§ **EXERCISE INSTRUCTIONS**
Pictures excluded, copy all of the data below exactly.

§ **SOURCE MATERIAL**
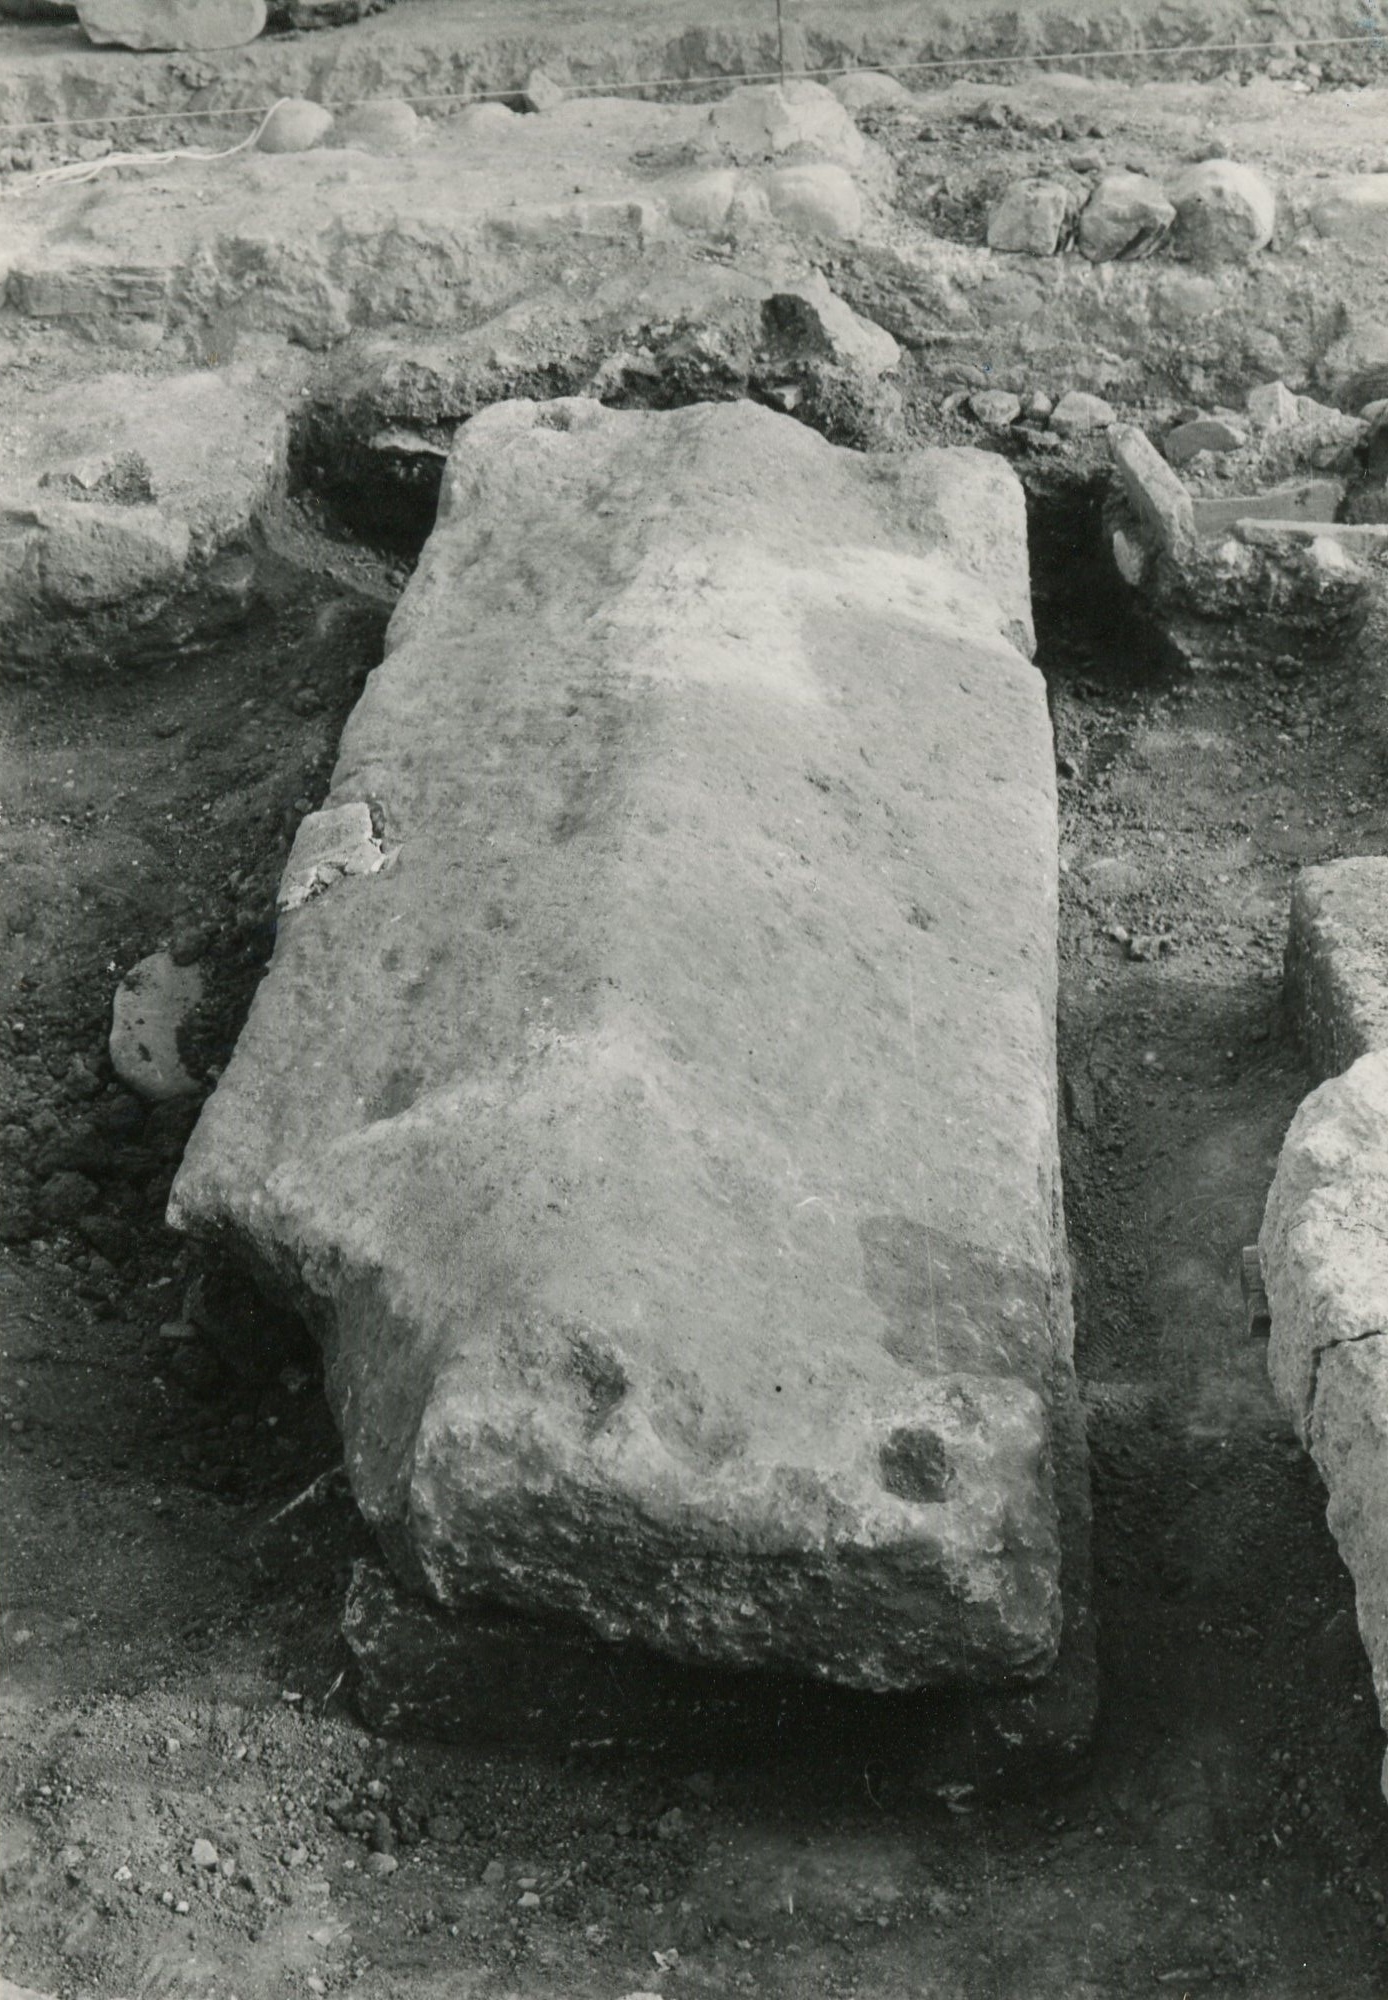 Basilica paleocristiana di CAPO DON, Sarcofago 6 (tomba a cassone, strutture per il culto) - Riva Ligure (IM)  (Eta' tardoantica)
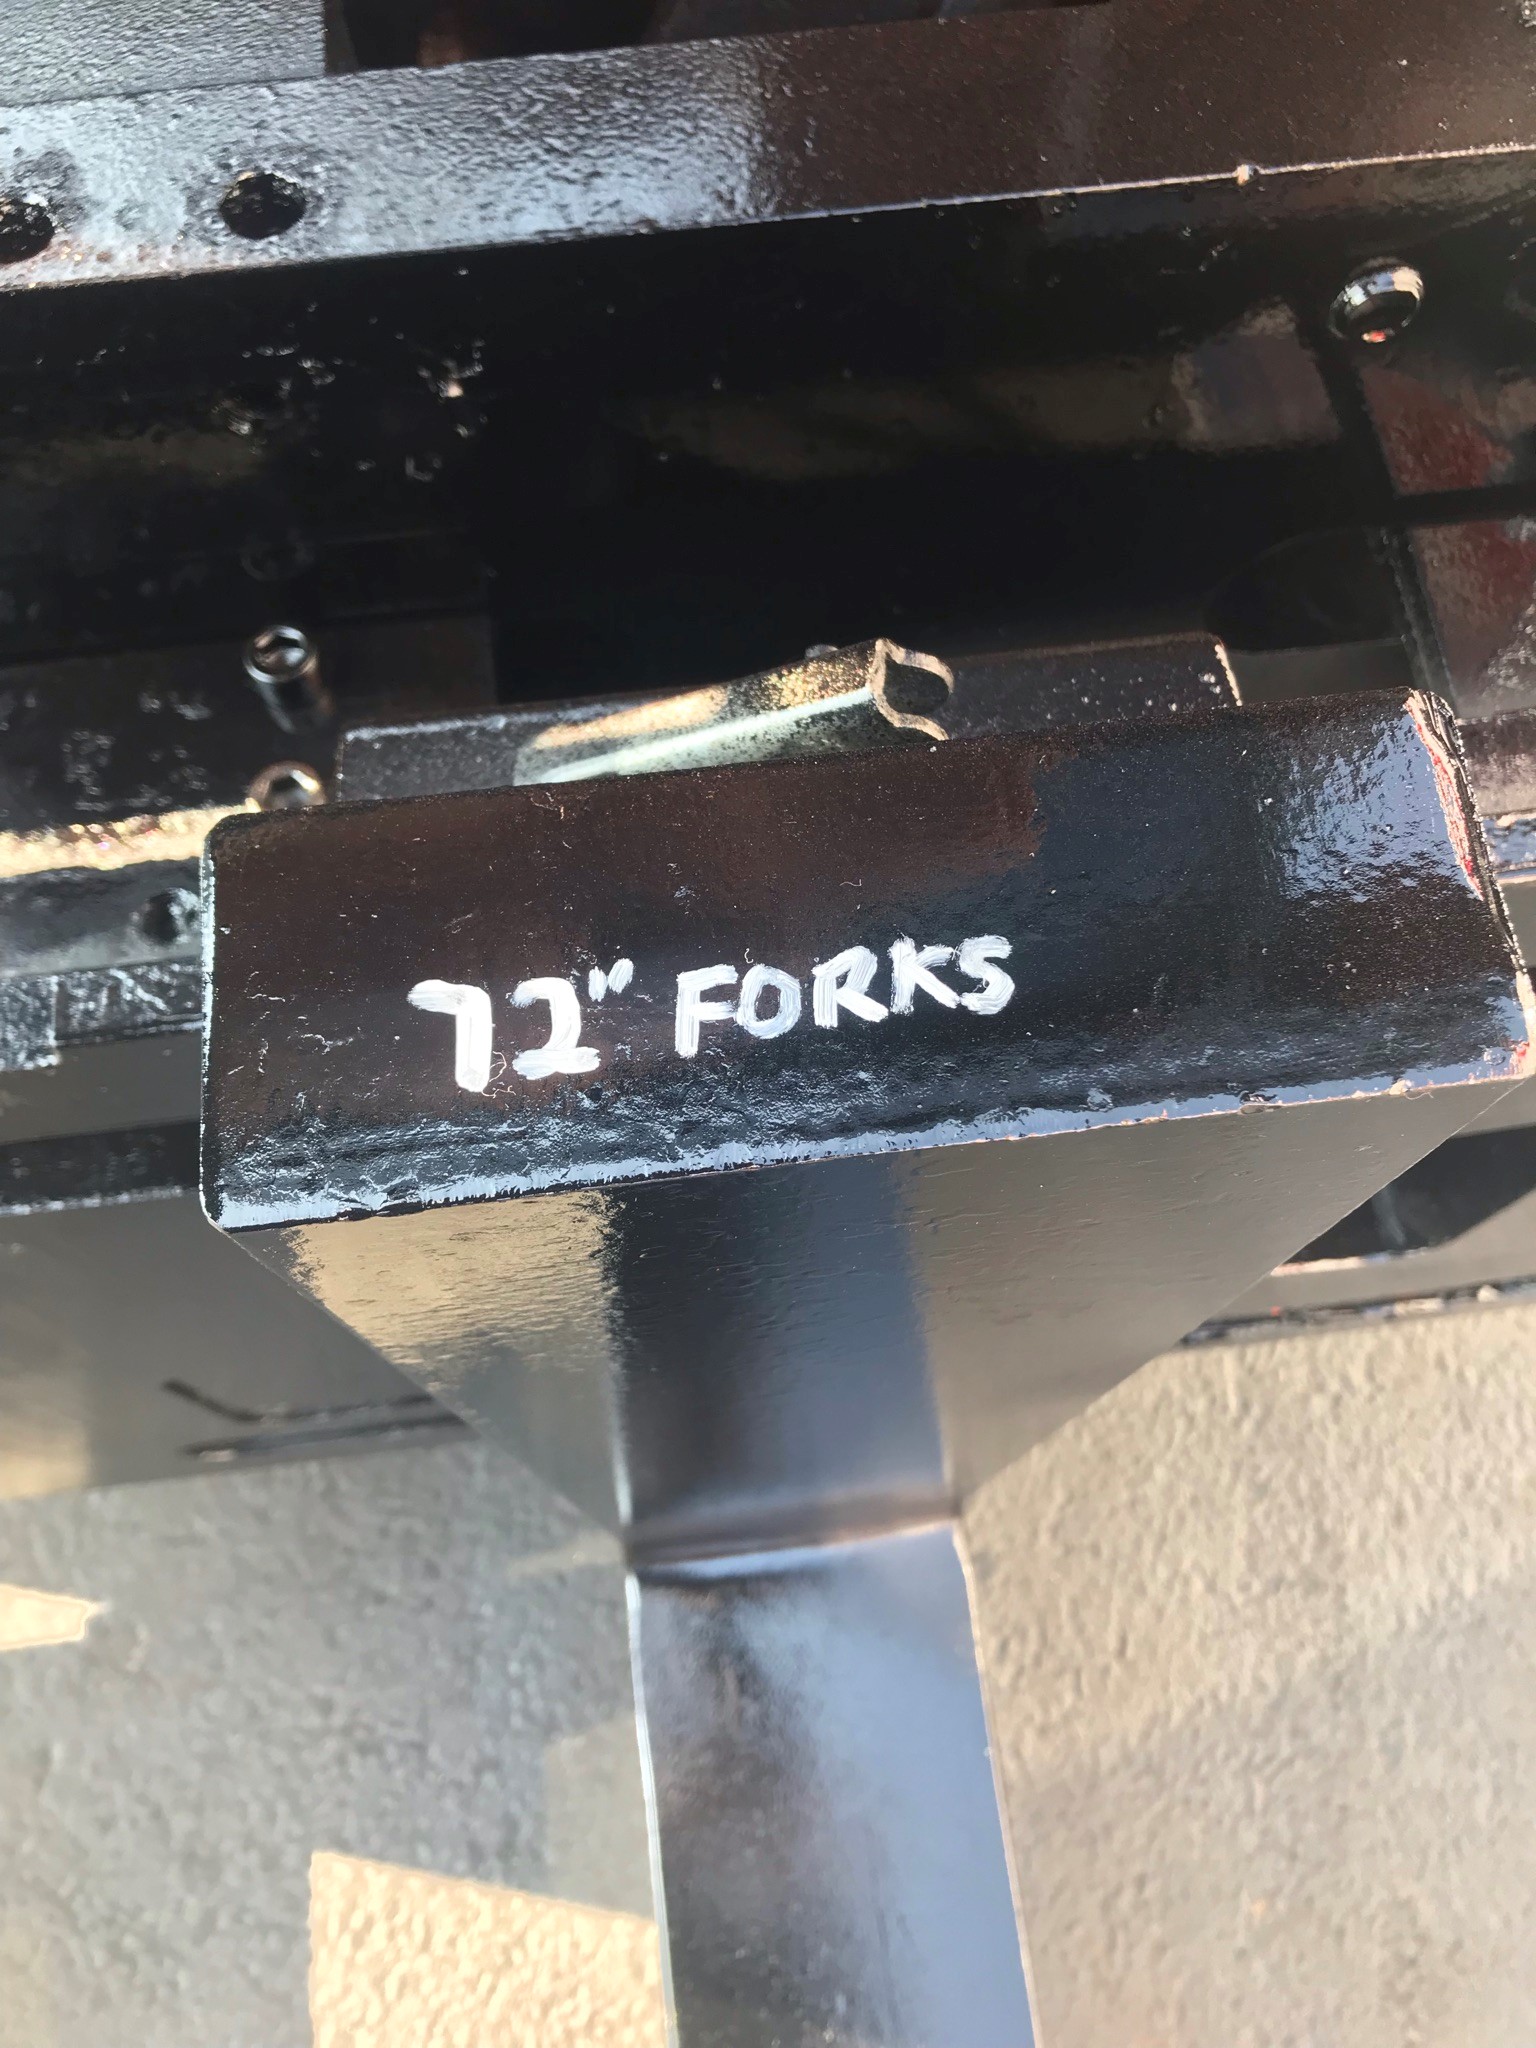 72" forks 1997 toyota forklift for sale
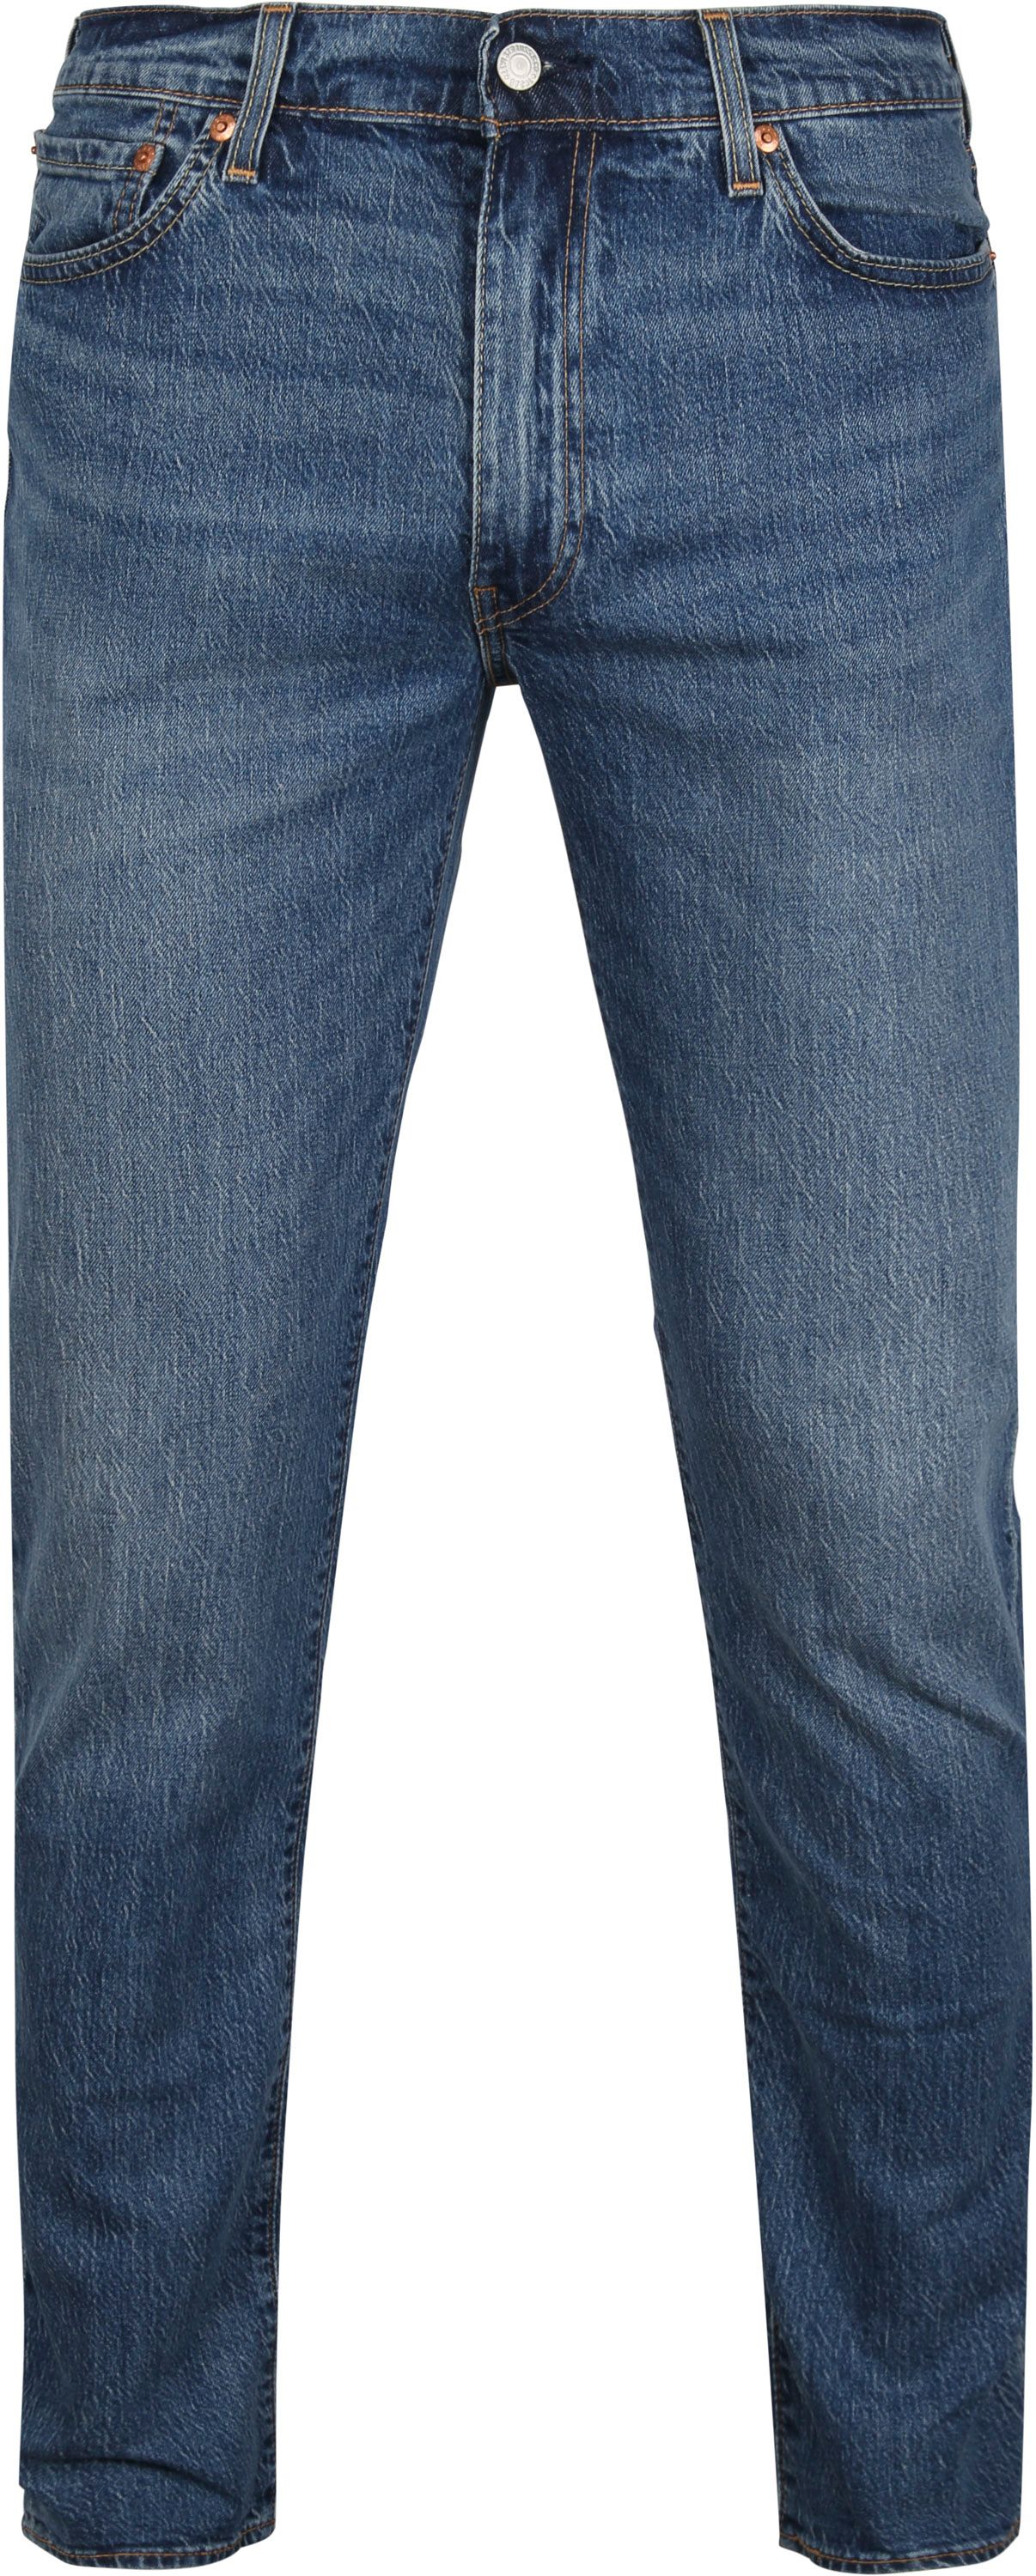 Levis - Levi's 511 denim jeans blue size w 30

§ **EXERCISE OUTPUT**
 Basilica paleocristiana di CAPO DON, Sarcofago 6 (tomba a cassone, strutture per il culto) - Riva Ligure (IM)  (Eta' tardoantica)
 72" forks 1997 toyota forklift for sale
 Levis - Levi's 511 denim jeans blue size w 30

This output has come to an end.